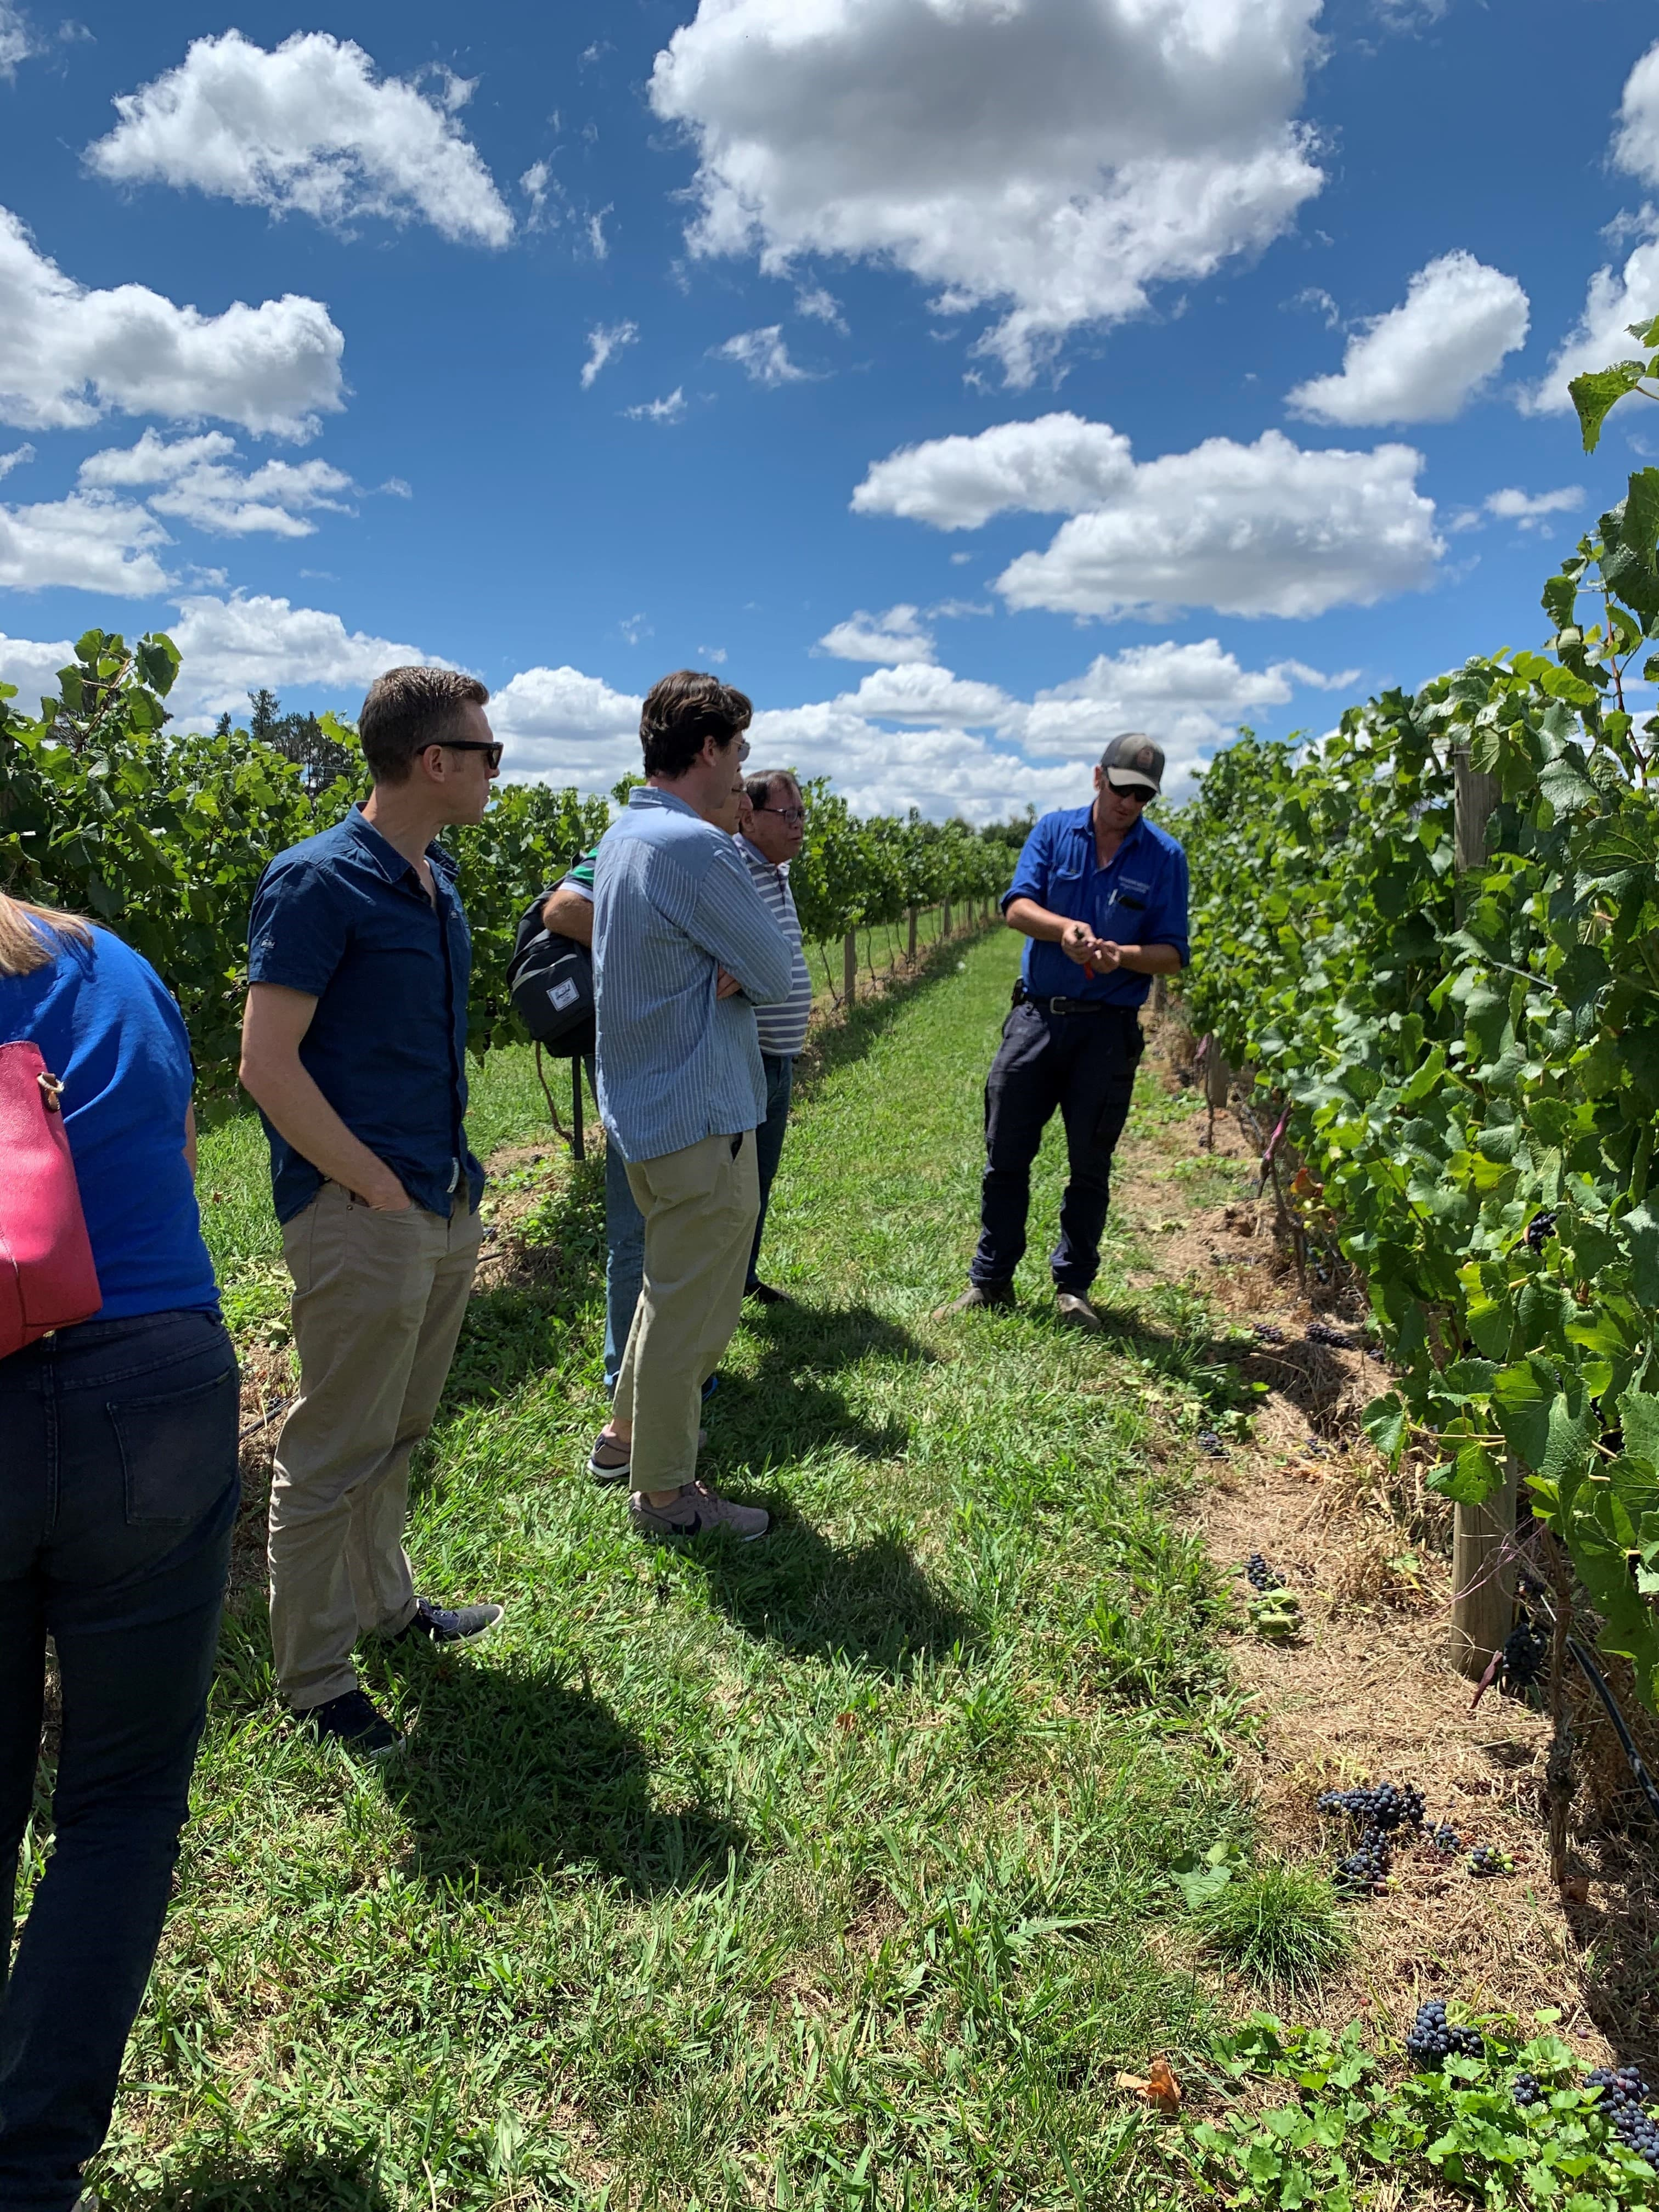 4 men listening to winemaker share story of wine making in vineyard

---

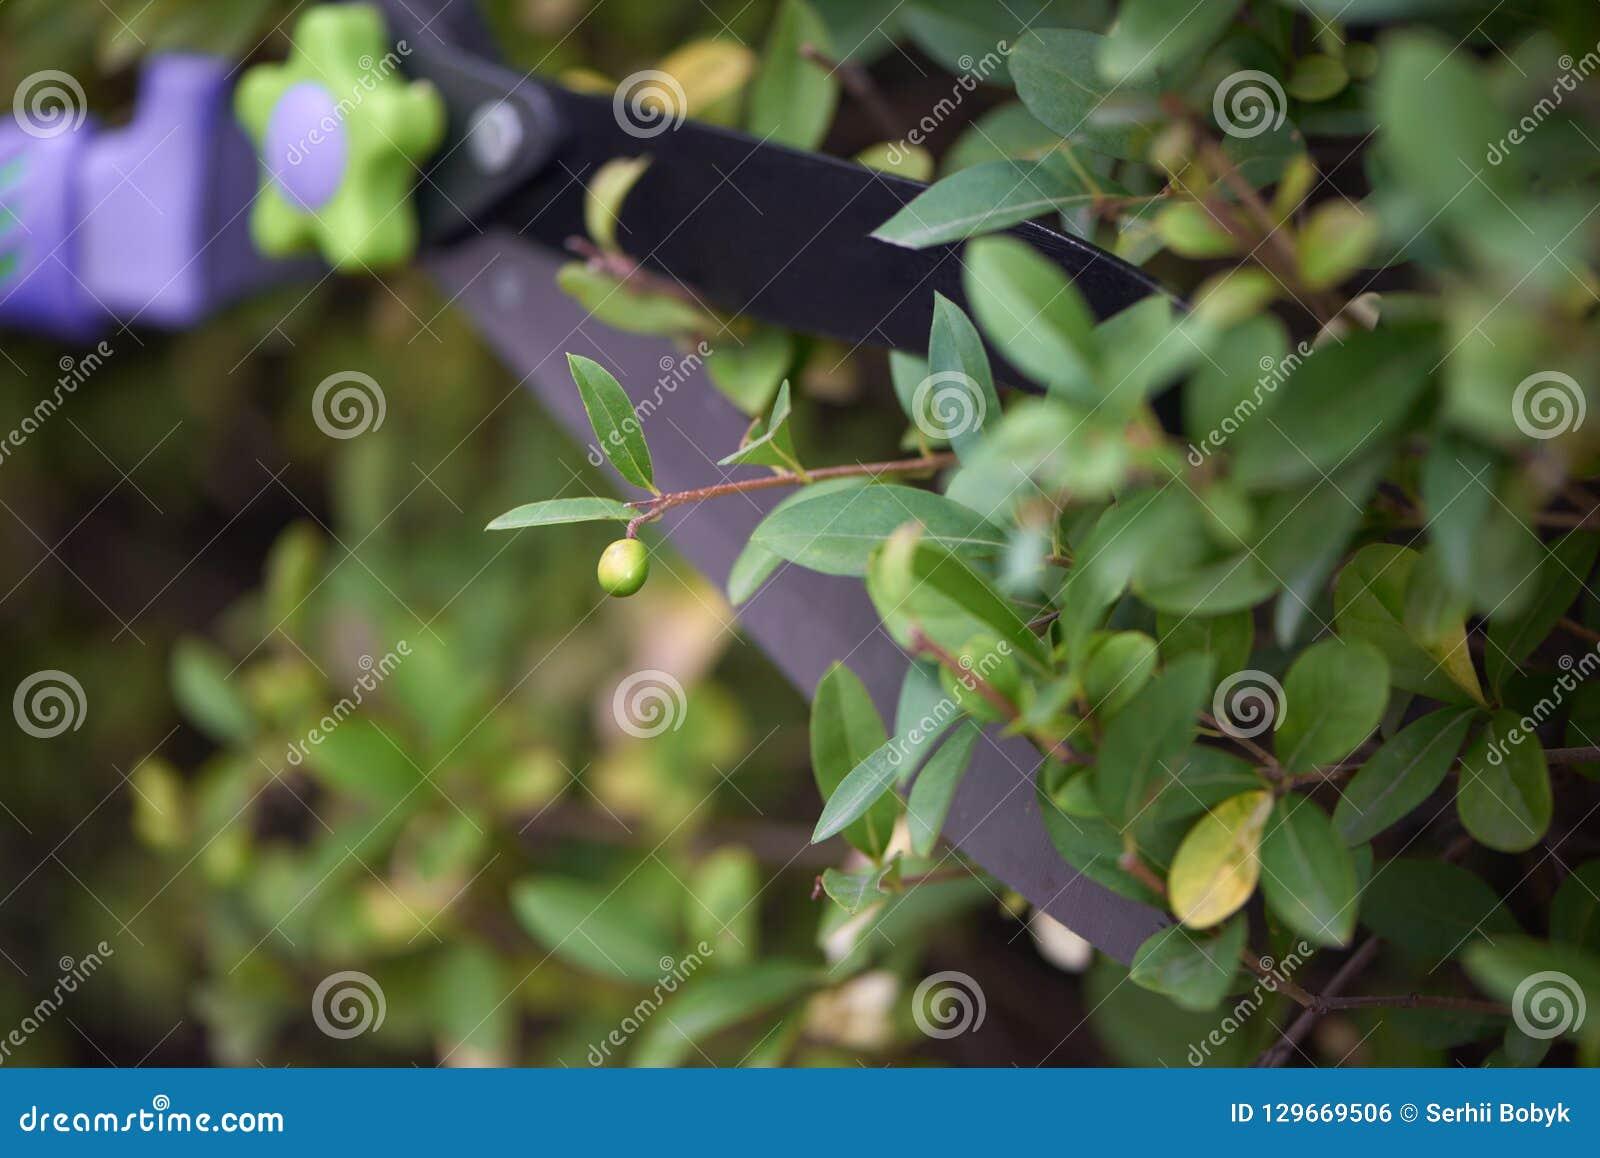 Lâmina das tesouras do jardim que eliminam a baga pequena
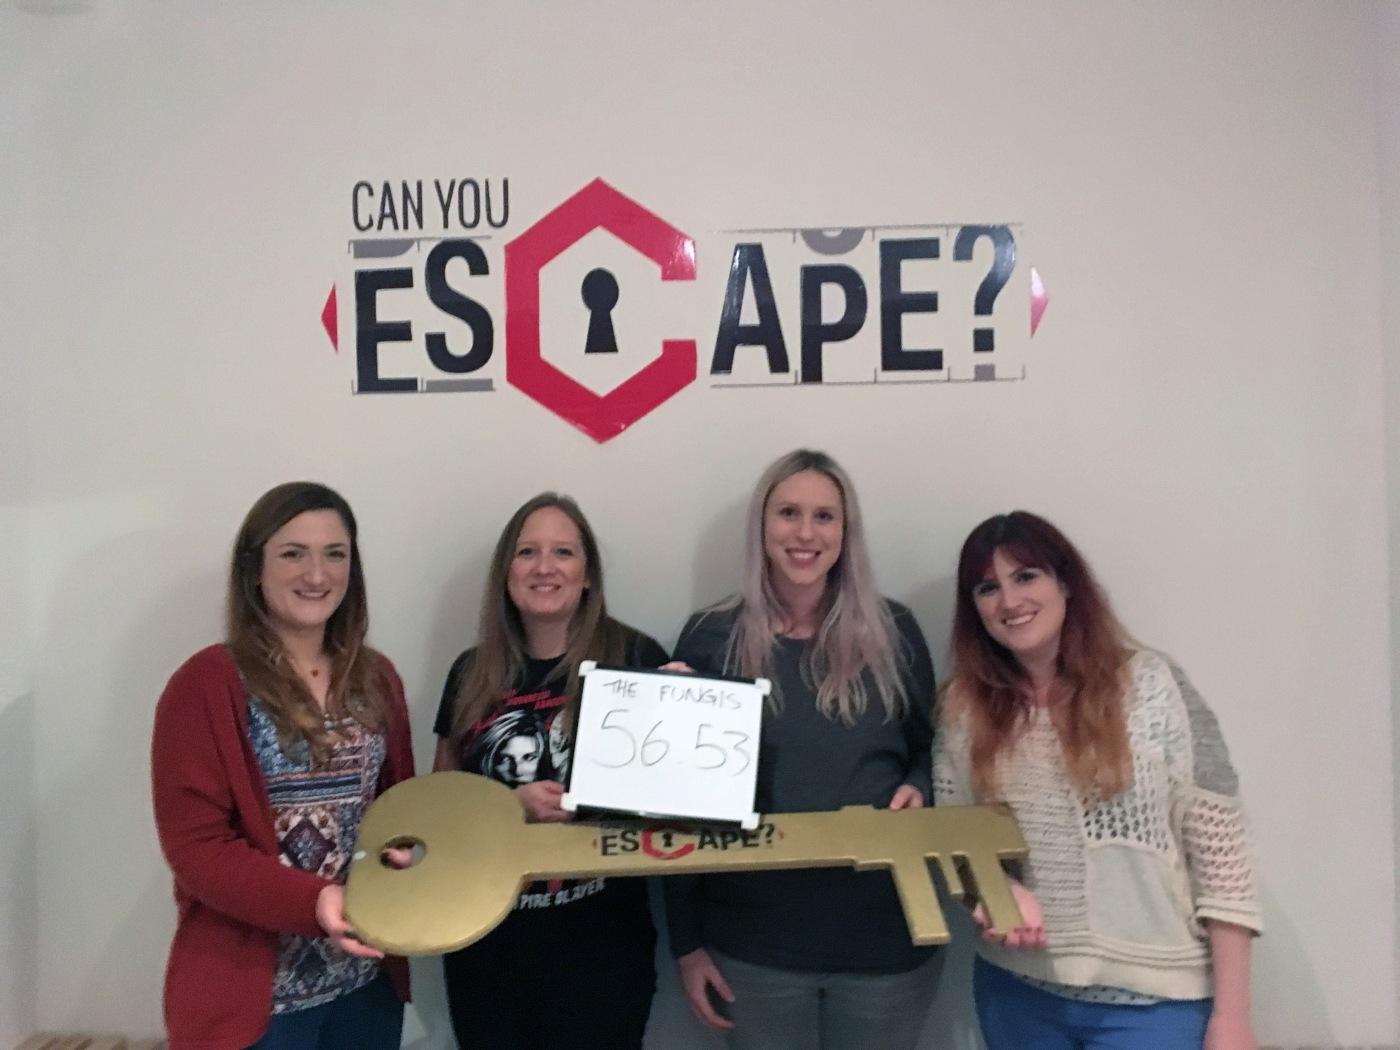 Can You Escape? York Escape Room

...

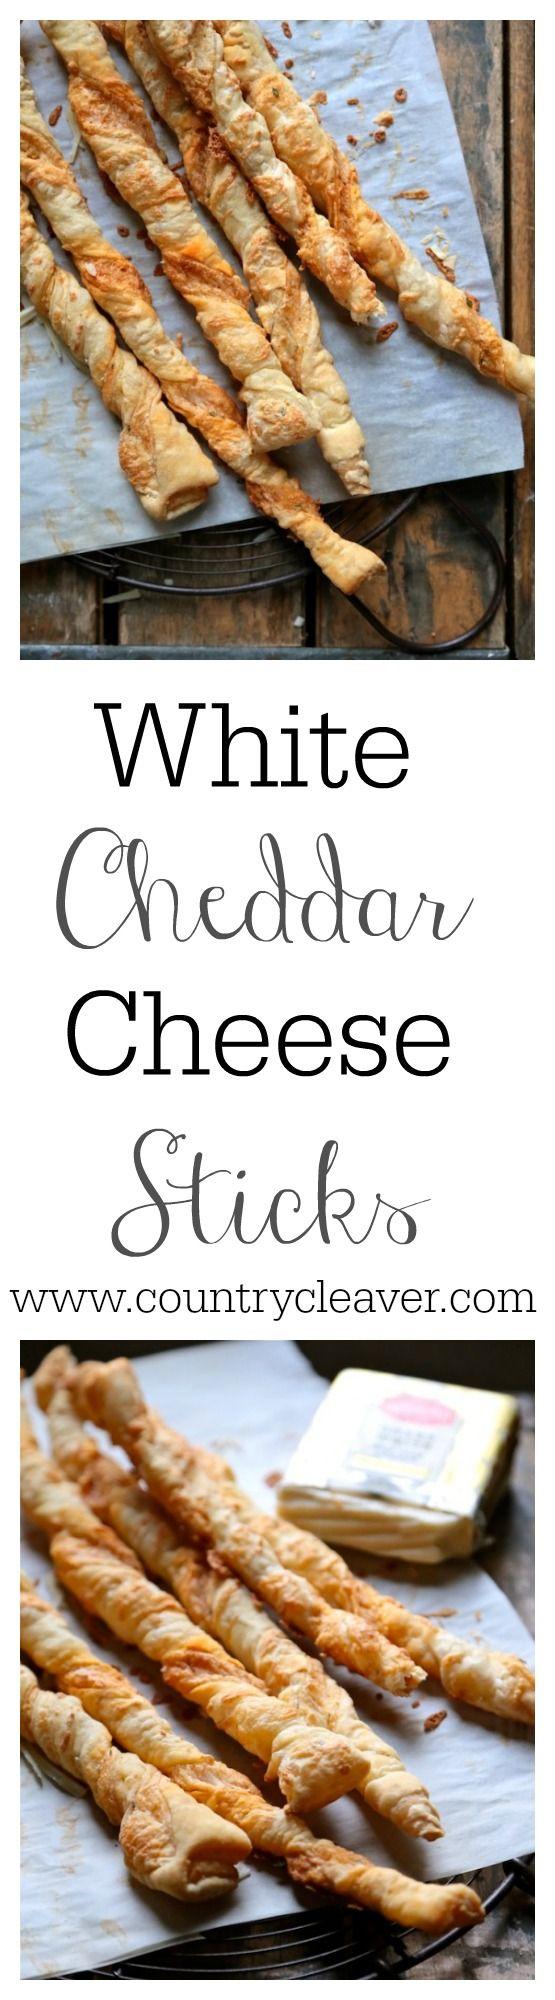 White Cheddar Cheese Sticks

Task item: From the listing above, restate verbatim the lines running from the one with "Lâmina das tesouras" through the one with "Can You Escape? York Escape Room", inclusive, but not the pictures.

Expected answer:
 Lâmina das tesouras do jardim que eliminam a baga pequena
 Can You Escape? York Escape Room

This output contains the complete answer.